In the year AD 45, Plautius married a British woman by the name of Gladys. After the marriage her name was changed to Pomponia. She was a princess of Sliures, a tribe of South Wales and sister of Caradoc, better known as Caractacus, and since Gloucester stood between Siluria (South Wales) and Roman Briton, this would be the logical place to conduct the wedding.   About three or four years later, at the end of his military service, Plautius returned to Rome with his wife and was replaced by Ostorius Scapula.  Tacitus reveals in his Annals 13:32 that in AD 57 Pomponia was accused of foreign superstitions i/e being a member of the Christian faith.  It is also interesting to note that Tacitus gives mention of the wedding. Pomponia died in about AD 83.

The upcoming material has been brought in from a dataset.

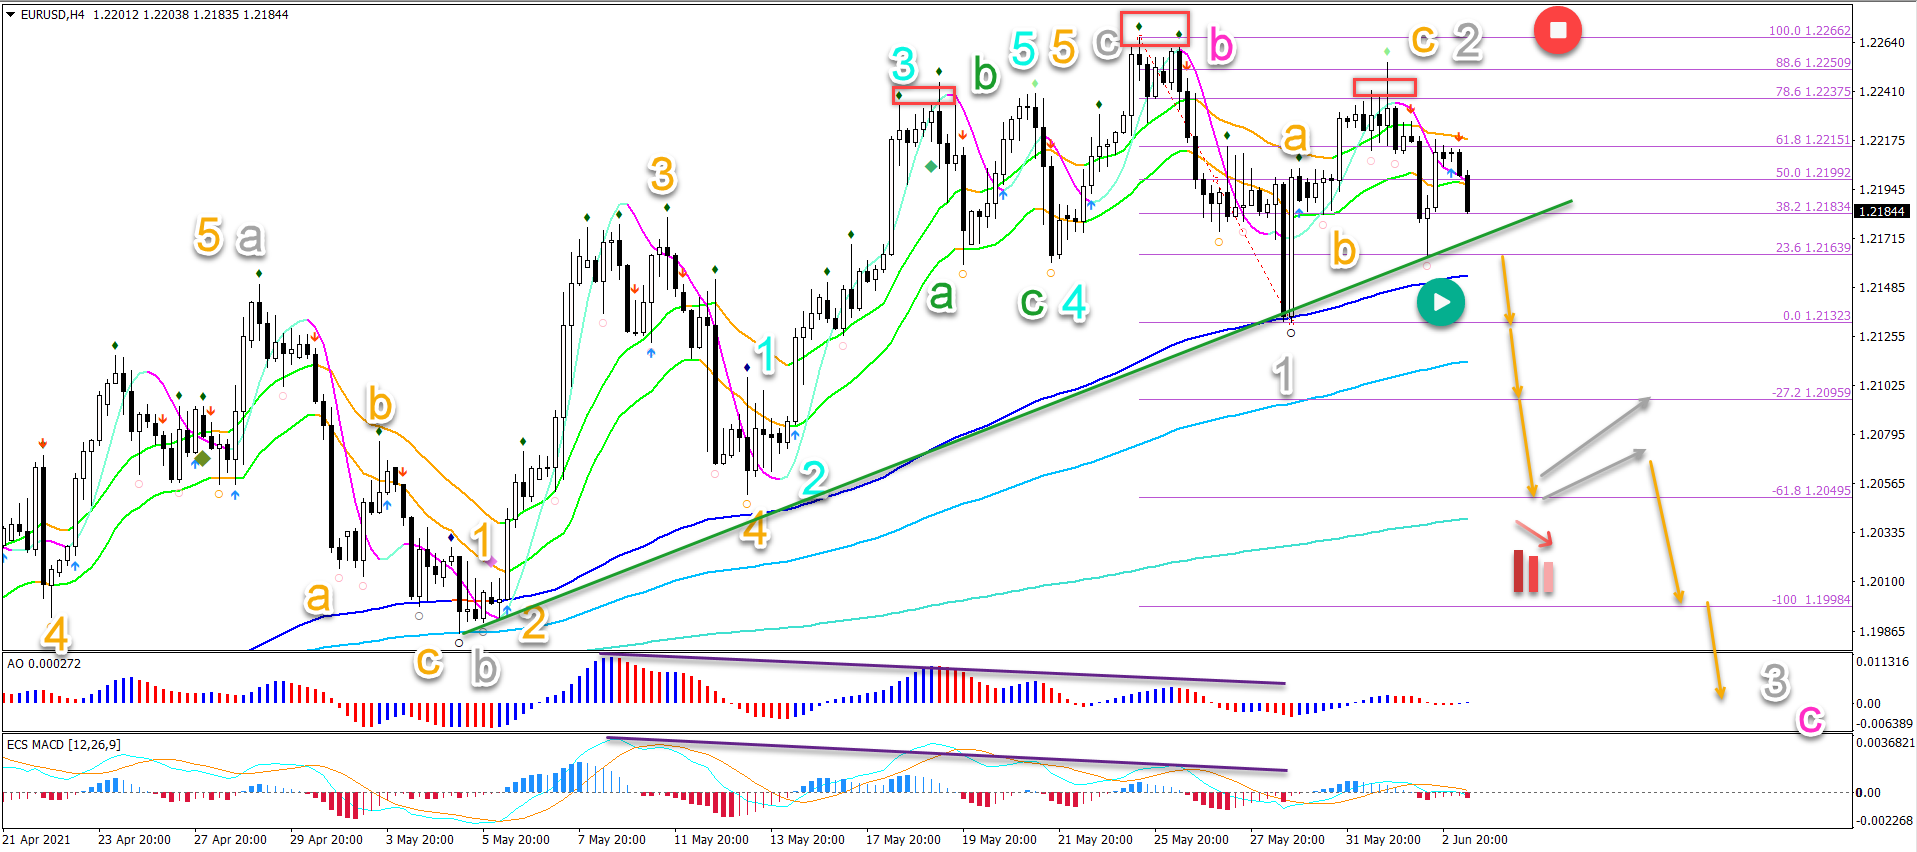 EUR/USD 03.06.2021 4 hour chart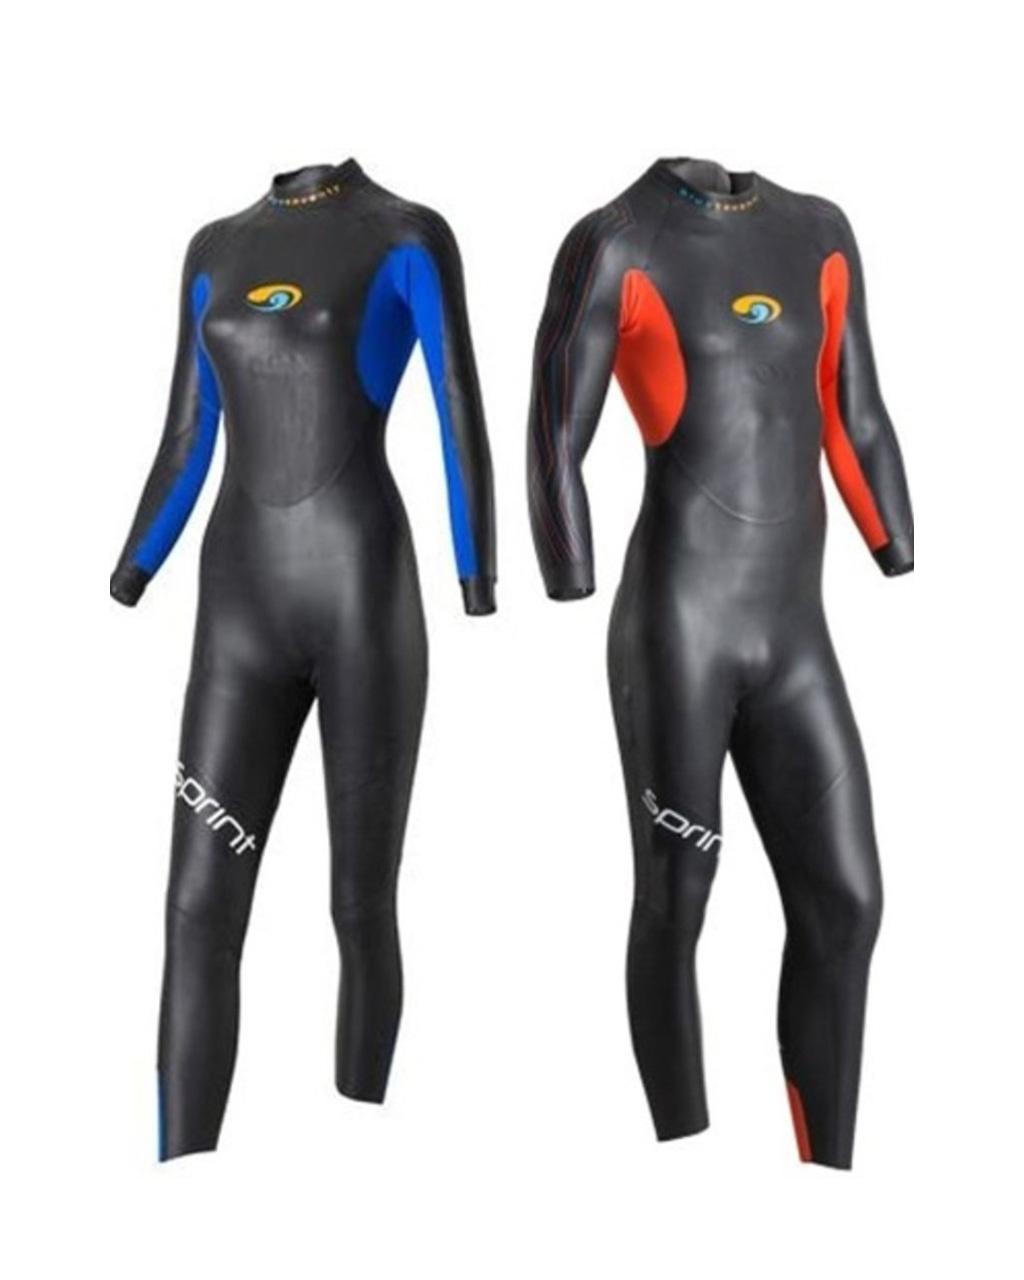 Tri It Multisport Rental Wetsuit (Sept - April) - 1 week

The Encyclopedia Americana says of Caractacus (English Caradoc) that he was a British chieftain and after many battles against the Romans established himself in South Wales among the Silures, taking every opportunity of harassing the invaders. Indeed, Caractacus was a thorn in the side of Rome during the four years Plautius was Preator.  It may well have been that the marriage of Plautius to Pomponia was, at first, political in order to forge an alliance.  Whatever, it did not work.
At the marriage of Plautius to Pomponia was an officer of the Roman army by the name of Rufus Pudens Pudenta.  Pudens, as we shall call him, was second in command of the Roman forces in Britian and a friend of the Spanish poet Martial.  At the wedding he meet a young woman by the name of Claudia.  She was the daughter of Caractacus and niece to Pomponia and although only a teenager at the time, Claudia Rufina was beautiful and well educated.  Several volumes of her poetry and hymns are known to be in existence as late as the 13th century.
It is not known that Pudens married Claudia in the Gloucestershire area or in Rome, but given the nature of the times it is more than likely he did.  Martial writes of his friend Pudens the following. “Oh Rufus, my friend Pudens marries the foreigner Claudia” and “ Claudia Rufina has sprung from the azure Britons, how come she has the feeling of a Latin maid? Thanks to the gods, she has born many children to her holy husband.” From this there is absolutely no question that Claudia was British. One of the children mentioned by Martial was a son by the name of Linus.
It is now we can make the connection with the Apostle Paul in his second letter to Timothy 4:21.  Quote, “Make every effort to come before winter.  Greetings to you from Ebulus, Pudens, Linus, Claudia and all the brothers and sisters.”